Bromley illustration

The Tea Party’s startling win in the Delaware Republican primary is a cruel blow to Grand Old Party hopes of gaining control in the US Senate. Christine O’Donnell was the Tea Party’s choice and had the backing of Sarah Palin, darling of the conservative insurgents.

Mike Castle, the man she defeated for the party’s nomination, had been the clear favourite to win in November. Every respected pollster sees Ms O’Donnell, with her record of political failure and train of financial baggage, as a weak candidate likely to lose to the Democrat in the general election.

With the margin of control in the Senate expected to be narrow, that is bad enough. But do the implications go wider? Is the Republican party more interested in purifying itself, even if that means tearing itself apart, than in seizing the opportunity to throttle the administration?

The answer is yes, if you regard the Tea Party as part of the Republican party – but this is debatable. The insurgency has no loyalty to the party. Its members are nearly as disgusted with the Republican establishment as they are with President Barack Obama and Democrats in Congress. In their view, a liberal Republican such as Mr Castle is no better than a Democrat. In some ways, he is worse: a traitor to conservatism. Better to have a long shot at electing a proper small-government conservative than an odds-on chance of business as usual.

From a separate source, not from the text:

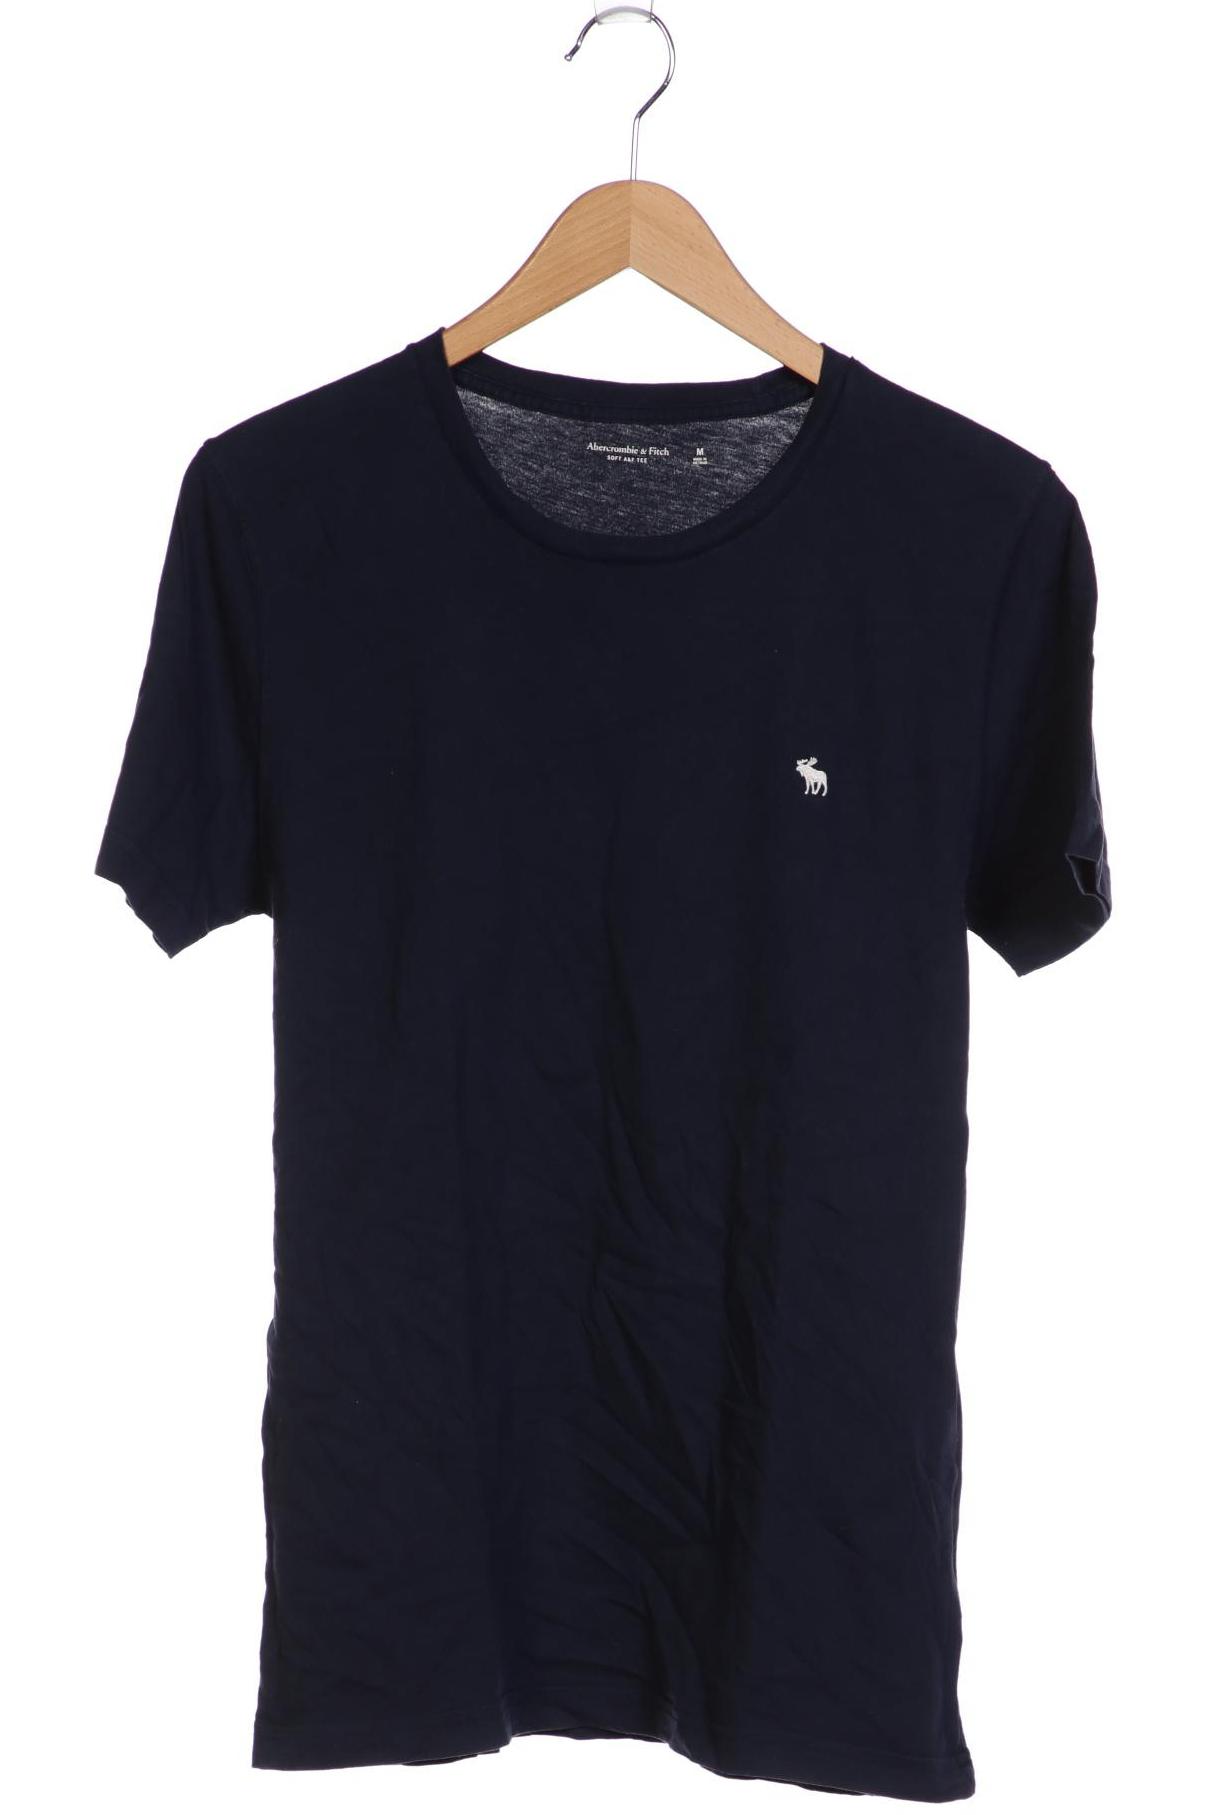 Abercrombie & Fitch Herren T-Shirt, marineblau von Abercrombie & Fitch

The challenge for the Republican party was to harness the insurgents’ energy and enthusiasm without being co-opted, and hence crippled. Make no mistake: a Tea Party takeover would ruin the Republicans’ electoral prospects. The insurgents’ agenda, in so far as they have one, is far to the right of mainstream American opinion. The US is a moderately conservative country, pleased to see the Democrats meeting resistance, but that is as far as it goes. The Tea Party’s apparent desire to dismantle the federal government is not widely shared. Ms Palin’s national approval ratings are far lower than Mr Obama’s.

To serve the Republicans’ purpose, the Tea Party had to be kept in check – and in Delaware it ran riot. To be sure, this was an outlier. In half a dozen other states, the Tea Party has helped nominate anti-establishment candidates, some strong (Marco Rubio in Florida) and some weak (Sharron Angle in Nevada); most are doing fairly well in the polls. Only in Delaware did it knowingly turn likely victory into near-certain defeat.

Even if Delaware is the exception, the party has reason to worry. The risk is that centrist and independent voters may be so alarmed by the Tea Party’s influence that they will think twice about voting Republican in November. The main threat to the Democrats this year is disappointed swing voters – centrists who voted for Mr Obama and feel let down. The Republican party was already too conservative to win their votes every time. If the Tea Party pushes Republicans even farther from the middle, swing voters may prefer not to vote at all.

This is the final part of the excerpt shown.